Komnas HAM Bentuk Tim Pencari Fakta Kasus Novel Baswedan

Selasa, 23 Mei 2017 — 17:31 WIB
Komisi Nasional Hak Azazi Manusia (Komnas HAM)

Komisi Nasional Hak Azazi Manusia (Komnas HAM)

JAKARTA (Pos Kota) – Komisi Nasional Hak Azazi Manusia (Komnas HAM) membentuk tim pencari fakta untuk mengusut kasus penyiraman air keras ke penyidik senior KPK, Novel Baswedan. Upaya polisi dianggap terlalu lamban.

Sejauh ini, polisi dianggap sudah berusaha mengusut perkara ini. Bahkan beberapa orang yang dianggap terkait kasus itu akhirnya dilepas kembali.

“Kita rasa polisi sudah bekerja sebaik-baiknya ya. Namun, memang kasus ini seperti berlarut-larut,” ujar Hafid Abbas, Komisionel Komas HAM, Selasa (23/5/2017).

Abbas juga menyayangkan pelepasan kembali orang-orang yang semula diduga sebagai pelakunya. “Kami menekankan kalau tersangkanya belum pasti ya jangan terlalu dieskpose dulu,” ujarnya.

Upaya mempercepat pengungkapan kasus itu, Komnas HAM pun turun tangan. “Kami membentuk tim gabungan pencari fakta.

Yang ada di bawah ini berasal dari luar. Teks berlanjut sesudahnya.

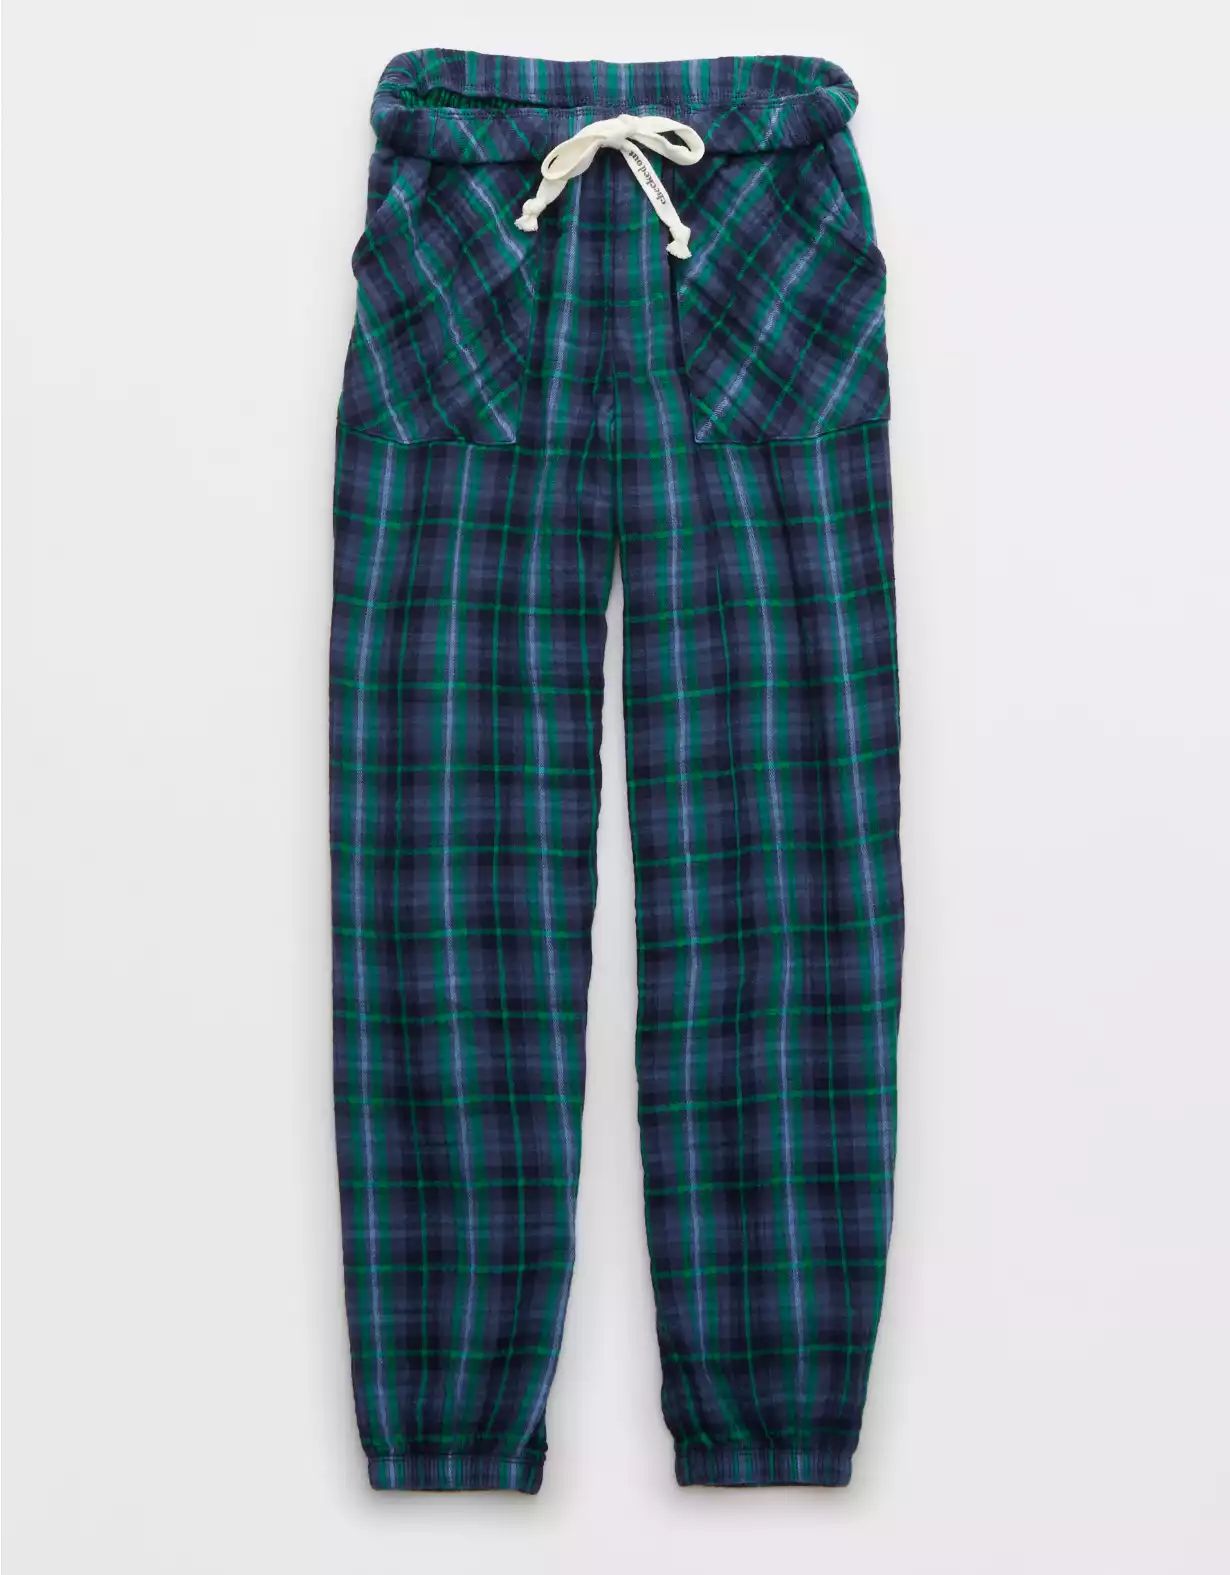 Aerie Soft Gauze Pajama Jogger | Aerie

Tujuannya untuk bisa menemukan dengan segera, siapa pelaku penyiraman ke Novel Baswedan” katanya.

Menurutnya, tim dibentuk karena adanya keluhan masyarakat yang menganggap polisi lamban menangani kasus ini. “Jadi tim ini untuk membantu polisi,” ucapnya.

Novel disiram air keras oleh orang tak dikenal usai menunaikan sholat subuh di mesjid di dekat rumahnya di Kelapa Gading, Jakarta Utara. Ia kini dirawat di rumah sakit di Singapura. (mo1/yp)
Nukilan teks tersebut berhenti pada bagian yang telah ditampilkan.